**Given data**
::::::
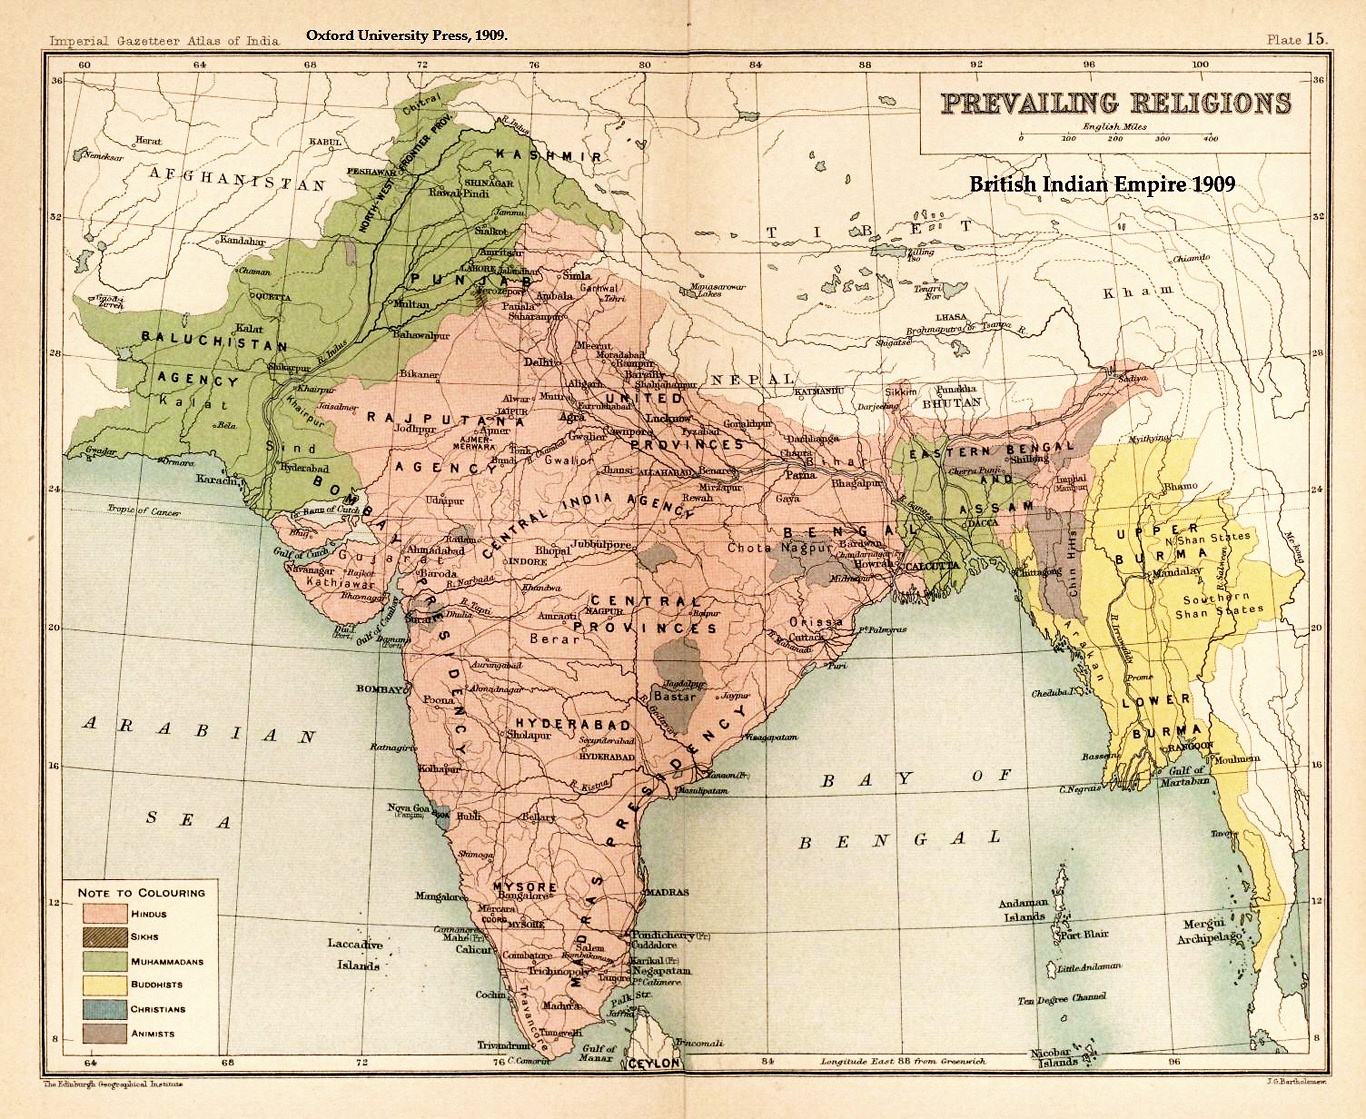 Religiösa majoriteter i Brittiska Indien enligt en folkräkning 1901. Delningen av territoriet kom i grova drag att följa var det var hinduistisk
befolkningsmajoritet (markerat i rosa) respektive muslimsk (grönt).
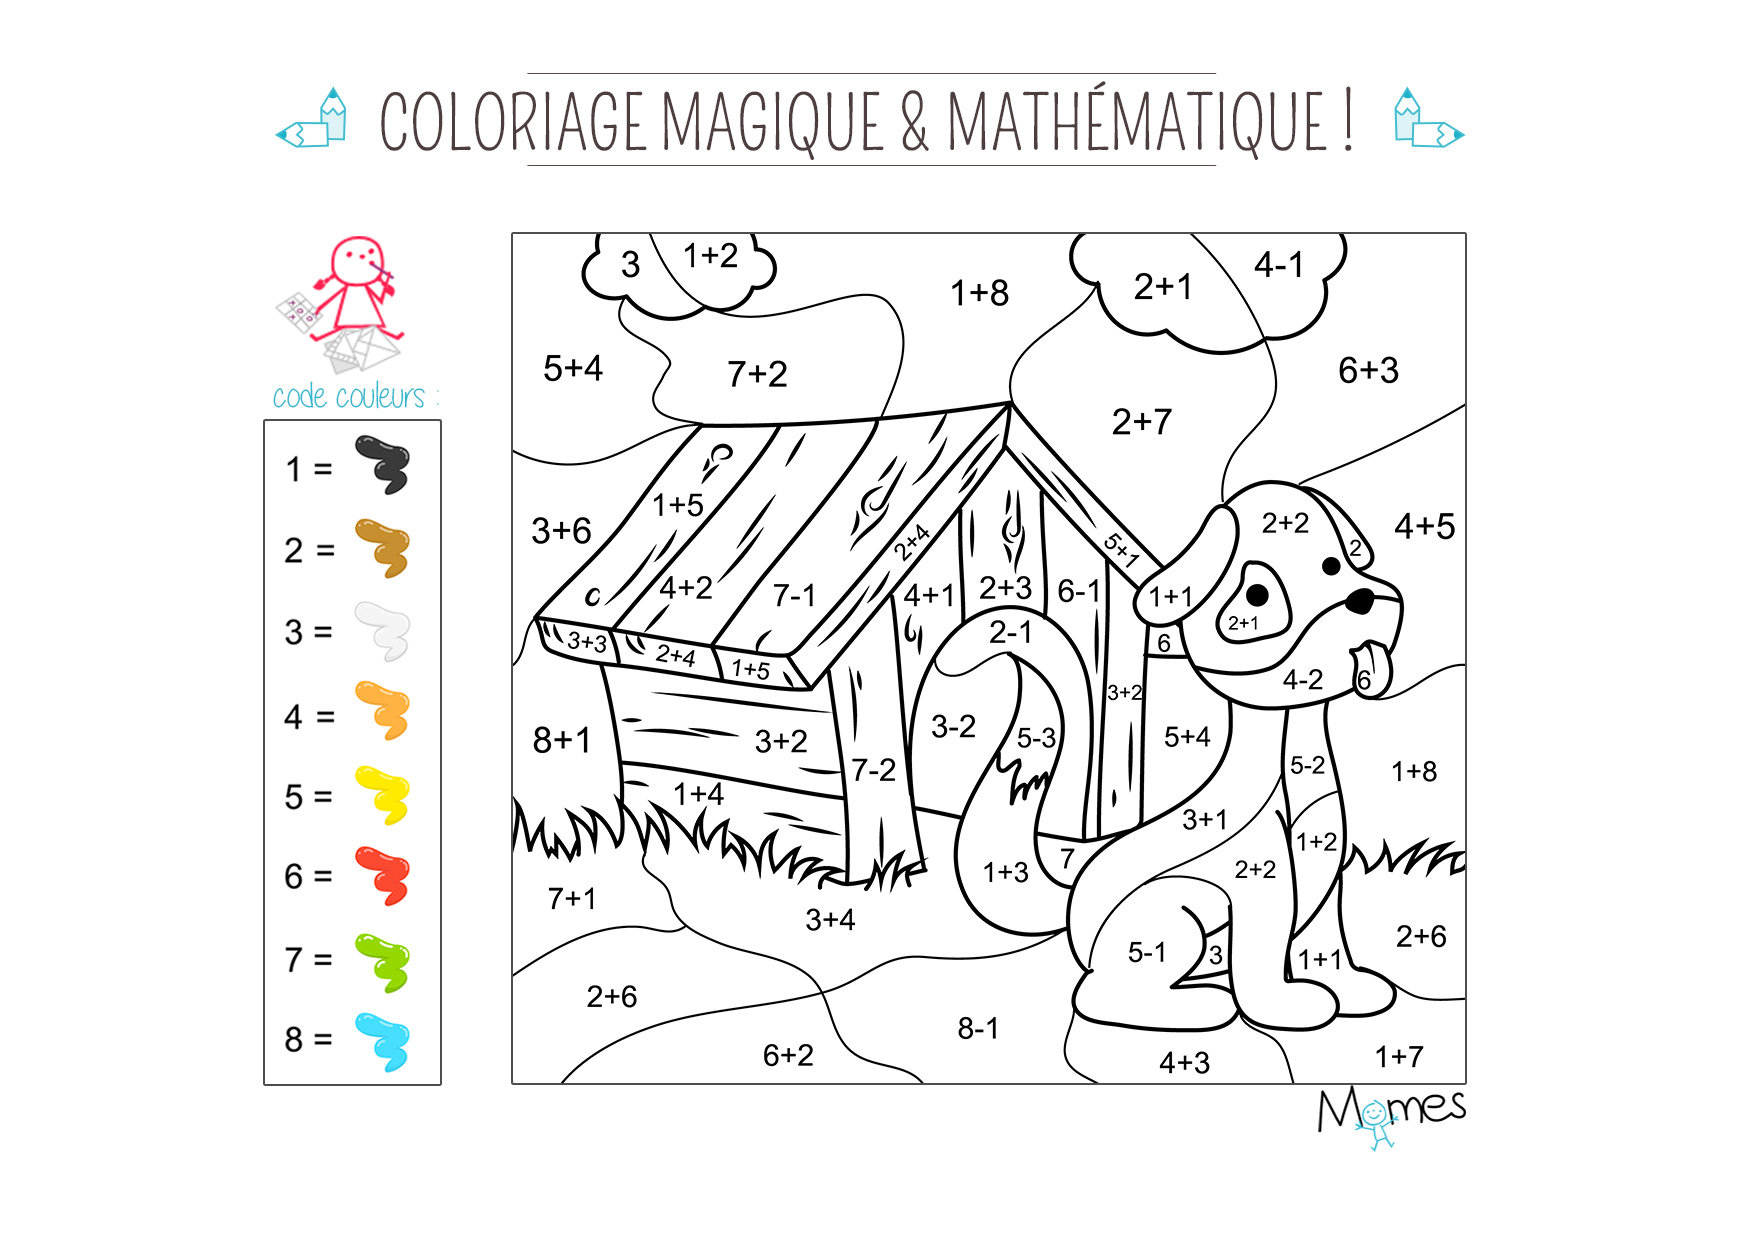 Coloriage magique et mathematique le chien
::::::
**Your task**
Give back the entire listing verbatim, without the pictures.

**Exercise result**
 Religiösa majoriteter i Brittiska Indien enligt en folkräkning 1901. Delningen av territoriet kom i grova drag att följa var det var hinduistisk
befolkningsmajoritet (markerat i rosa) respektive muslimsk (grönt).
 Coloriage magique et mathematique le chien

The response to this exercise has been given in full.